Well, I will. A couple of the most stomach-squirming scenes will forever be wriggling like nematodes through my memory, including blood being vacuumed from the corpse through a tube, and then not smoothly cascading out of it into a chasmic industrial sink. No, much worse: sputtering. A ch-ch-ch-ch motion, like a sprinkler. That one really got me. The other is a face’s flesh being snipped enough to become stretchable and rolled back entirely, exposing the inner workings beneath.

Which is more chilling – these images themselves or the thought of viewing them in total silence? The answer is both in equal measure. Brakhage extensively engaged with the distinctions between documentary and document in the context of moving images; this difference took on many forms, but the general paraphrasing is that he viewed documentary as a manipulative tradition of presenting factual occurrences as objective, without acknowledging the subjectivity inherent in the camera’s frame. Document, on the other hand, was a bit more complicated but crucial to his practice as a filmmaker. It was, as Marie Nesthus observes, not simply a matter of whether there’s “a presence or absence of the artist’s mark, but rather in the degree of its visibility.”

The Act of Seeing with One’s Own Eyes is, through and through, a document. Contrary to some of his earlier work, Brakhage shrugged off the urge here to intercut the morgue footage with more impressionable imagery, like mountains and open sky and snow, for he “knew it was impossible … to interrupt THIS parade of the dead with ANYthing whatsoever, any ‘escape’ a blasphemy.” There’s still an acknowledgement of the director’s imprint, with hyper close-ups and bodies framed in fragmented tableaux. But it’s arranged in such a way as to evoke the forceful machinations and oversight of institutional documents.

Brakhage is running us through the factory line, shoving the fine print of autopsy protocol right in our faces, prying our eyes open to make us look. In one of the starkest works of body horror, he strips away all the storytelling, all the shock, all the worldbuilding, and makes the monster our very own perception. While this has always been present in Brakhage’s work, nowhere is it done so insidiously.

It is a document in the sense that the filmmaker decided to make his imprint visible, but just barely enough to let the images and processes on display speak volumes in our registering of them. Without any literal volume – silent in often unbearable ways – this morbid work leaves all the heavy lifting on us. For that reason, it’s horror. Right to its disemboweled, de-brained core.

In a seminal essay, Stephen King argues that “When we pay our four or five bucks and seat ourselves at tenth-row center in a theater showing a horror movie, we are daring the nightmare.” While it’s a lot more expensive now (and personally, I don’t like the center of a row)King’s point is that, whether we are cognizant of it or not, we all desire the experience that horror affords.
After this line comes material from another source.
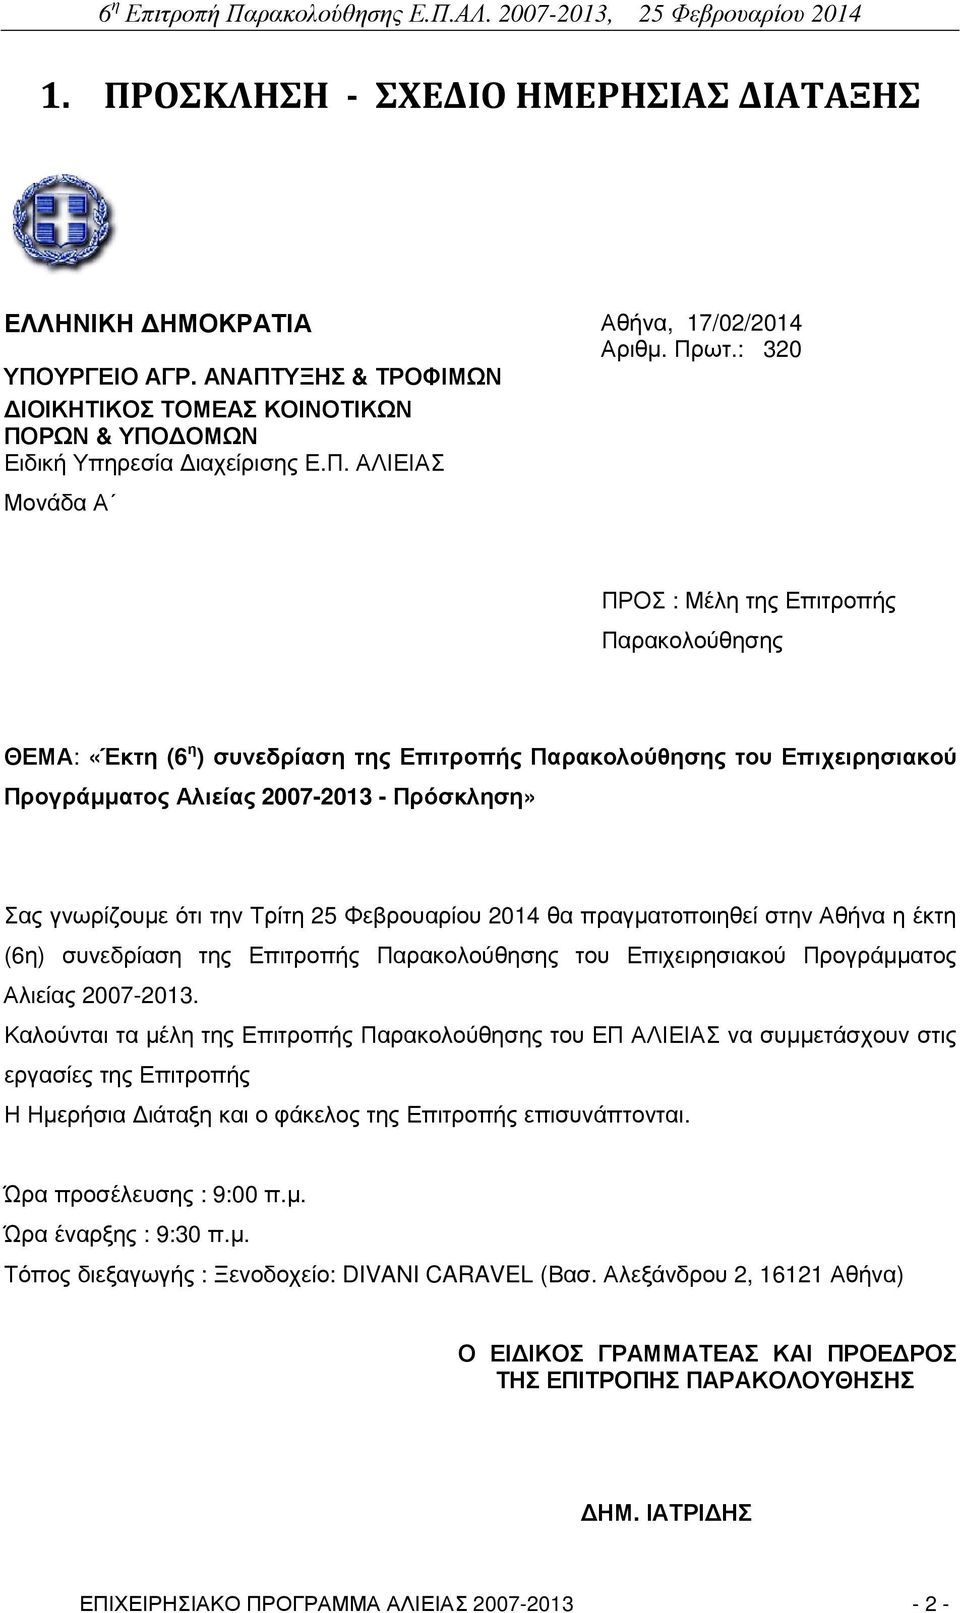 Τρίτη 25 Φεβρουαρίου 2014 θα πραγµατοποιηθεί στην Αθήνα η έκτη (6η) συνεδρίαση της Επιτροπής Παρακολούθησης του Επιχειρησιακού Προγράµµατος Αλιείας 2007-2013.

So why not add The Act of Seeing with One’s Own Eyes to that pantheon that we cycle through every October? It’s a unique class of nightmare unto itself, daring us to spend 32 un-accessorized minutes of silence in a sub-basement that doubles as a city morgue, the only thing guiding us being Brakhage’s uncomfortably intimate curiosity behind the lens.

In most horror cinema, no matter its forays into various subgenres, you’re presented with a sense of hope (the final girl in slashers), the lack thereof (everything in torture porn), a message (high-concept, A24 fare), or a bonkers playground (ultraviolent weirdo stuff like Mandy). As shocking as a more contemporary cult breakthrough like Terrifier 3 may be, it’s too…fun. The bells and whistles make it so, and it doesn’t have the leverage of real, unfictionalized gore. With this unforgettable short, you’re in Brakhage’s world, with no higher power on which to anchor your resilience. You may find beauty, you may find despair, you may find meaning, or, most likely, you’ll find nothing at all — nothing but yourself, dressed down, literally nude, and tinkered with like clockwork.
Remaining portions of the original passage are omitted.